Drum one-shot samples are crucial for music production, particularly in sound design and electronic music. This paper introduces Drum One-Shot Extraction, a task in which the goal is to extract drum one-shots that are present in the music mixture. To facilitate this, we propose the Random Mixture One-shot Dataset (RMOD), comprising large-scale, randomly arranged music mixtures paired with corresponding drum one-shot samples. Our proposed model, Drum One- Shot Extractor (DOSE), leverages neural audio codec language models for end-to-end extraction, bypassing traditional source separation steps. Additionally, we introduce a novel onset loss, designed to encourage accurate prediction of the initial transient of drum one-shots, which is essential for capturing timbral characteristics. We compare this approach against a source separation-based extraction method as a baseline. The results, evaluated using Frechet Audio Distance (FAD) and Multi-Scale Spectral loss (MSS), demonstrate that DOSE, enhanced with onset loss, outperforms the baseline, providing more accurate and higher-quality drum one-shots from music mixtures. The code, model checkpoint, and audio examples are available at https://github.com/HSUNEH/DOSE

Paper Structure

This paper contains 14 sections, 3 equations, 3 figures, 1 table.

Figures (3)

  • Figure 1: Illustration of our approach. Given an audio mixture as input, each Drum One-Shot Extractor(DOSE) model extract one-shot audio samples for kick, snare, and hi-hat drums.
  • Figure 2: Proposed Method.
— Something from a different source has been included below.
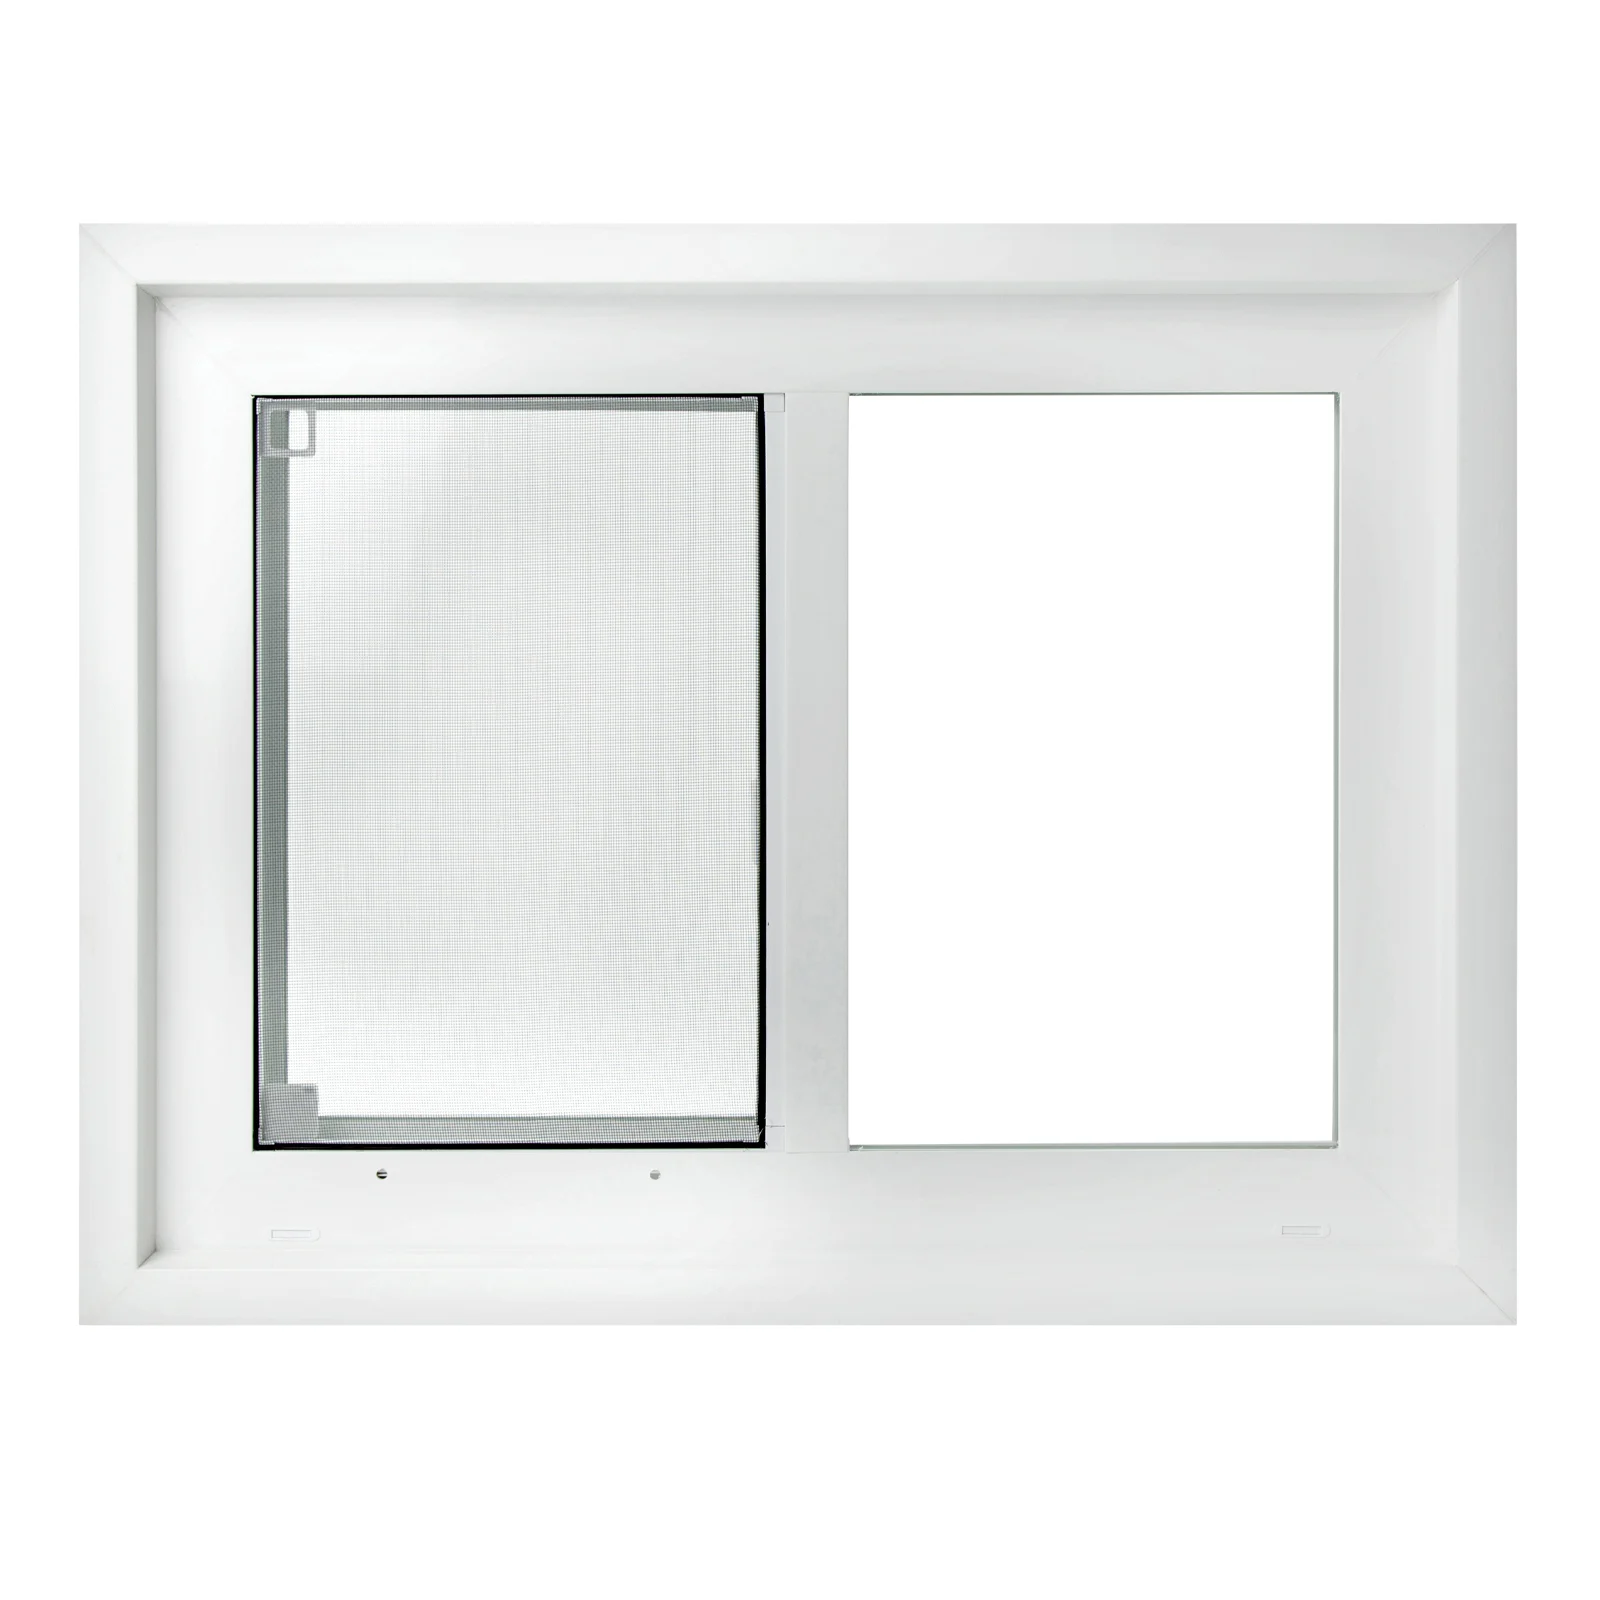 A horizontal sliding windows

The input audio mixture is encoded into a sequence of discrete tokens using a frozen DAC encoder, which are then fed into a decoder-only transformer. The transformer is trained to autoregressively predict the groundtruth drum one-shot tokens by minimizing two losses: onset loss and full-length loss. Finally, the predicted token sequence is decoded into drum one-shot audio using the DAC decoder.
  • Figure 3: Dataset generation process. First, kick, snare, and hi-hat loops are synthesized from one-shot drum audio samples using randomly generated MIDI notes. Next, optional bass, piano, guitar, and vocal loops are selected. The drum loops and other musical loops are then processed through independent mixing chains, which apply gain, EQ, compression, panning, limiting, delay, and reverb effects. Finally, all tracks are combined and passed through a mastering chain consisting of EQ and limiter effects.